Most of the products we need, such as fuels or plastics, are not naturally produced by photosynthetic organisms. Thus, current industrial practices need to transform natural feedstocks into useful products. These conversions require high amounts of energy and resources, leading to unsustainable production processes.

Solution #1

Metabolic Engineering

Thanks to the increasing knowledge on Synthetic Biology we can now engineer new microorganisms capable of directly producing the products we need. Although this approach is not new, it has not been widely explored for photosynthetic organisms until now

✔️ Our goal is to engineer a cyanobacteria capable to directly produce a useful product: butanol.

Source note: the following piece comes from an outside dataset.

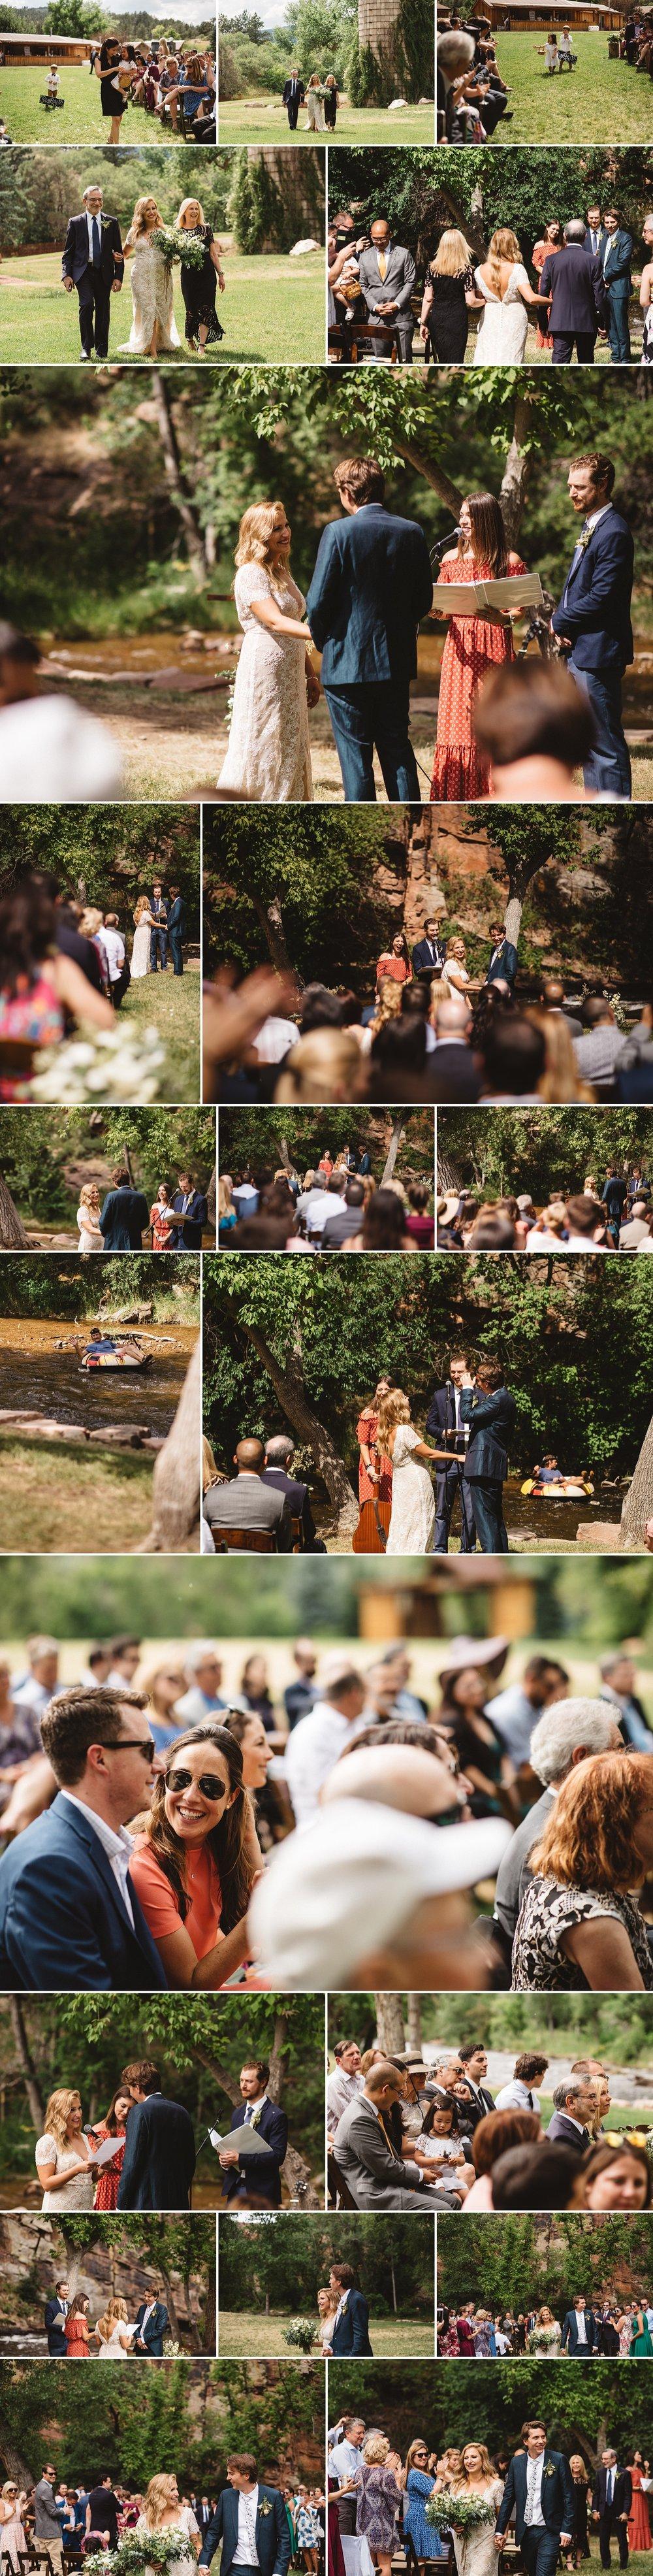 Planet-Bluegrass-Wedding-Lyons-Colorado-Wedding-Ceremony

❔ But, once you got there, how are you going to obtain the final product?

Challenge #2

Product recovery: Downstream Processes

One of the main bottlenecks for the development of Green Biorefinery is the high costs associated with product recovery. Current processes rely on harvesting biomass and extracting the products of interest out of it. Depending on the industry this step can account for up to 85% of total production cost. The current paradigm is focused on biomass as a resource to exploit.

Solution #2

Photobiocatalysis

We aim to simplify the downstream processes by engineering our microorganisms to directly produce and secrete the product of interest. This eliminates the need of harvesting and further processing of biomass. Our cells will feed on CO2 and sunlight and convert them into butanol, like a living catalyst. This circumstance can improve the viability of industrial processes, as we have studied within our implementation & proof of concept sections

✔️ We see biomass as a tool for conversion, not as a resource to harvest and exploit.

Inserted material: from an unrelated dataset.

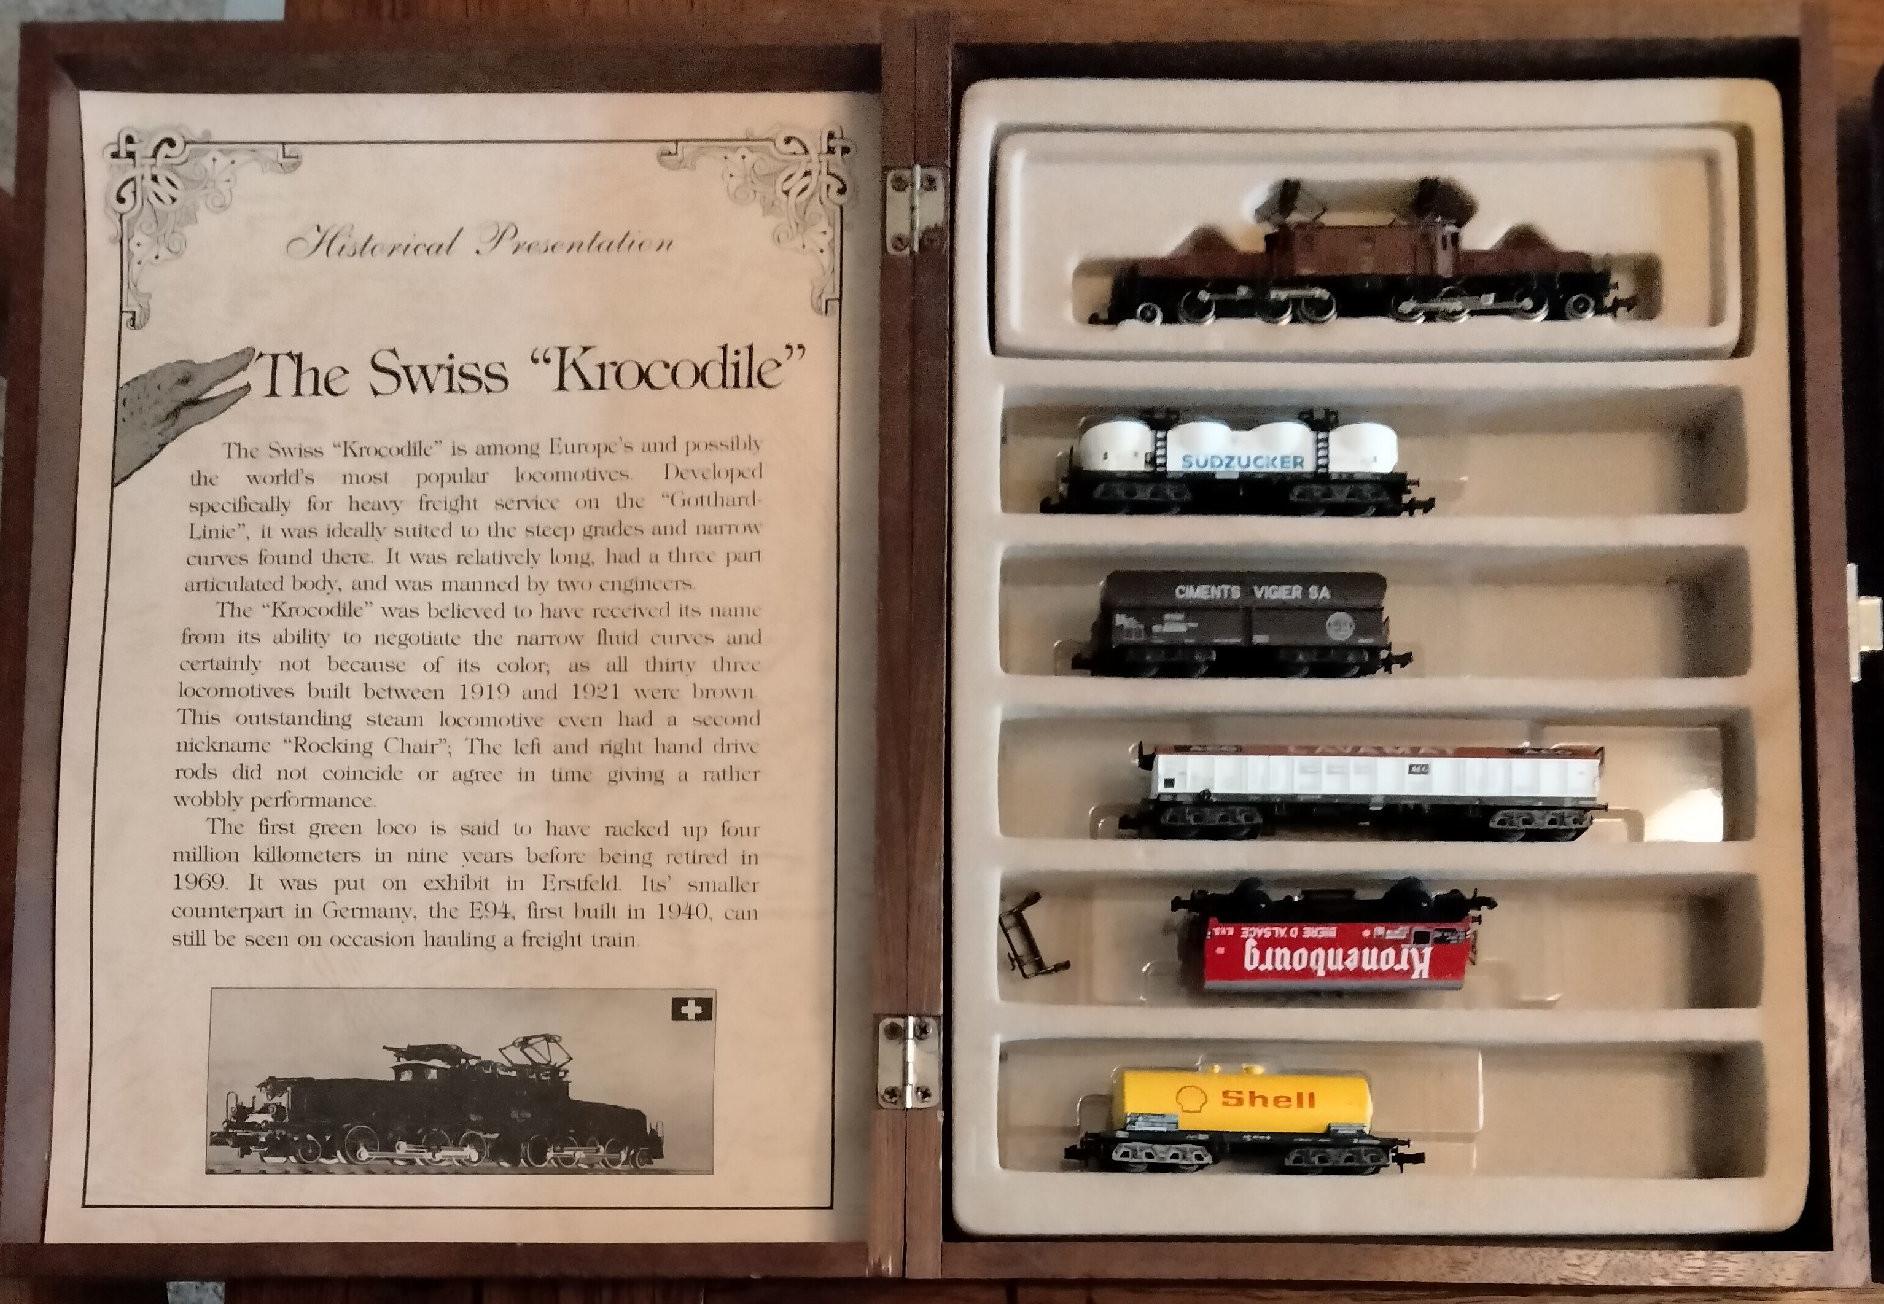 N Scale - Model Power - Krocodile - Freight Train, European, Electric, Epoch II - SBB CFF FFS - Freight Set, 6 Unit

❔ That sounds amazing! But could this technology be scaled up to the industrial level?

Challenge #3

Need for improved industrial chassis

Most of the photosynthetic microorganisms used at the industrial scale have several drawbacks inherent to their nature, slowing down the consolidation and establishment of phototrophic-based industry. Photosynthetic microorganisms usually suffer from lack of robustness and slow growth rates, limiting their suitability as industrial chassis.

Solution #3

Novel robust fast-growing strains

For our project we will use a new cyanobacterial strain: Synechococcus elongatus PCC11801.. As well as other recently discovered fast growing strains, PCC11801 has a set of features that make it ideal for Industrial applications: the ability to grow in a wide range of conditions and high tolerance to harsh environments typically found in industry (robustness), a fast-growing phenotype and similarities with well-studied laboratoratory strains

✔️ Our goal is to establish PCC11801 as an ideal industrial workhorse.

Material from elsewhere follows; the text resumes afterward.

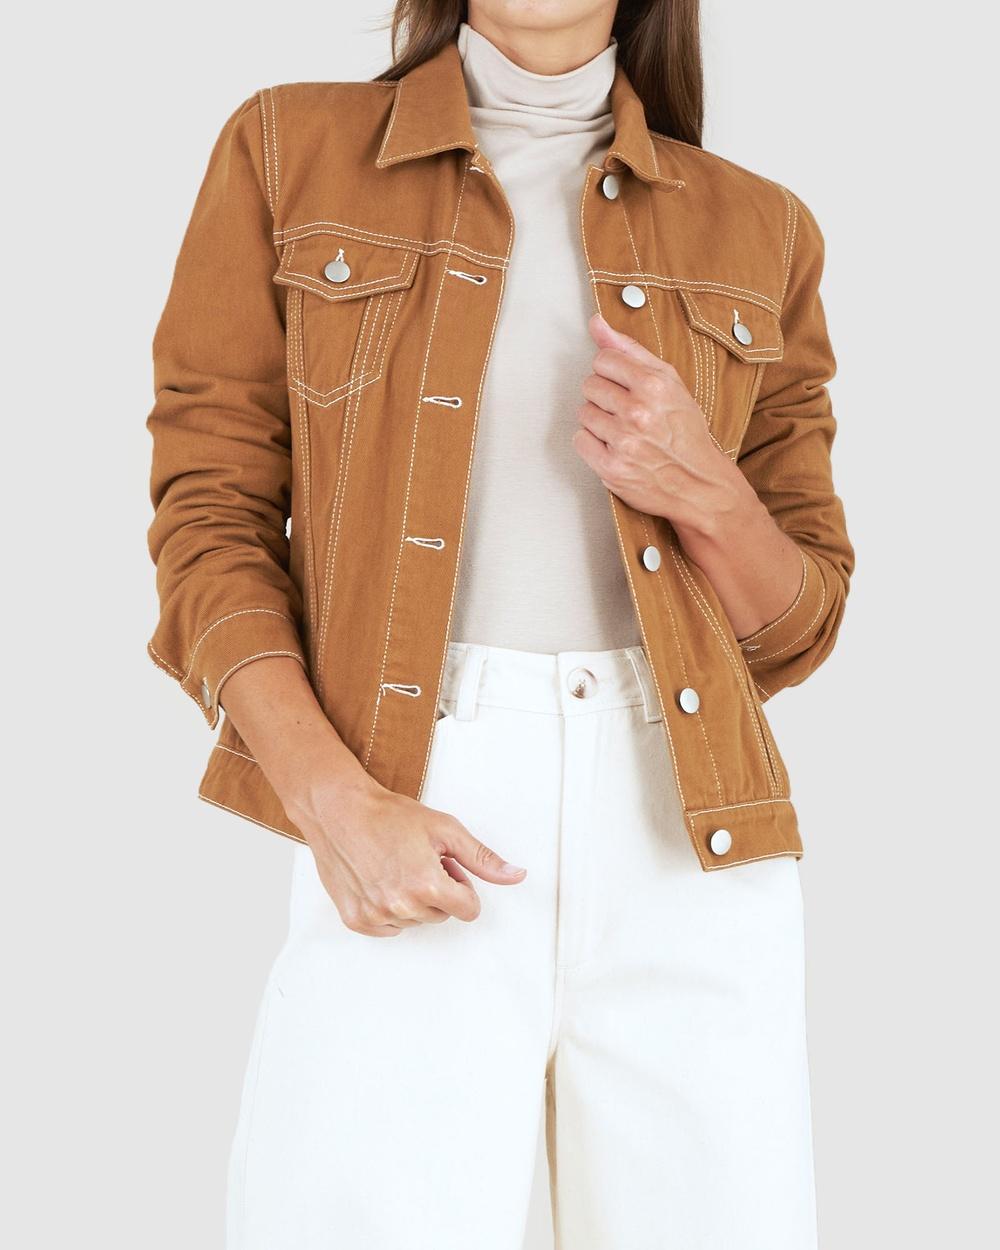 Amelius Alliance Drill Denim Jacket Coats & Jackets Brown Australia

❔ Ok, but doesn’t it have other limitations?

Challenge #4

Large-Scale Cultivation of photosynthetic microorganisms

There are some problems all phototrophic-based industries have to deal with, which are not related with the specific strains they use. Photosynthetic microorganisms precise huge reactor setups since they usually grow at very diluted concentrations. In addition, these cultures are exposed to fungal contaminations, grazing by other wild living entities, and the risk of release when working with genetically modified organisms.

Solution #4

Cyanobacterial Encapsulation

To solve all of these issues we propose CELL ENCAPSULATION. Via physicochemical treatment of the cells we generate biohybrid materials where the cells reside secure from environmental threats like pathogens or grazers. Encapsulated cells require smaller reactors as higher biomass concentrations can be achieved and metabolic performance is enhanced since cell division is limited. Likewise, encapsulation serves as a biocontainment method to prevent release risks

✔️ Via cell encapsulation we aim to develop a true photobiocatalyst suitable for industrial needs.

Taking together these key aspects, our project aims to solve the main problems of the current photosynthetic-based industry, developing a photobiocatalytic manufacturing platform. Starting with n-butanol production as a proof of concept.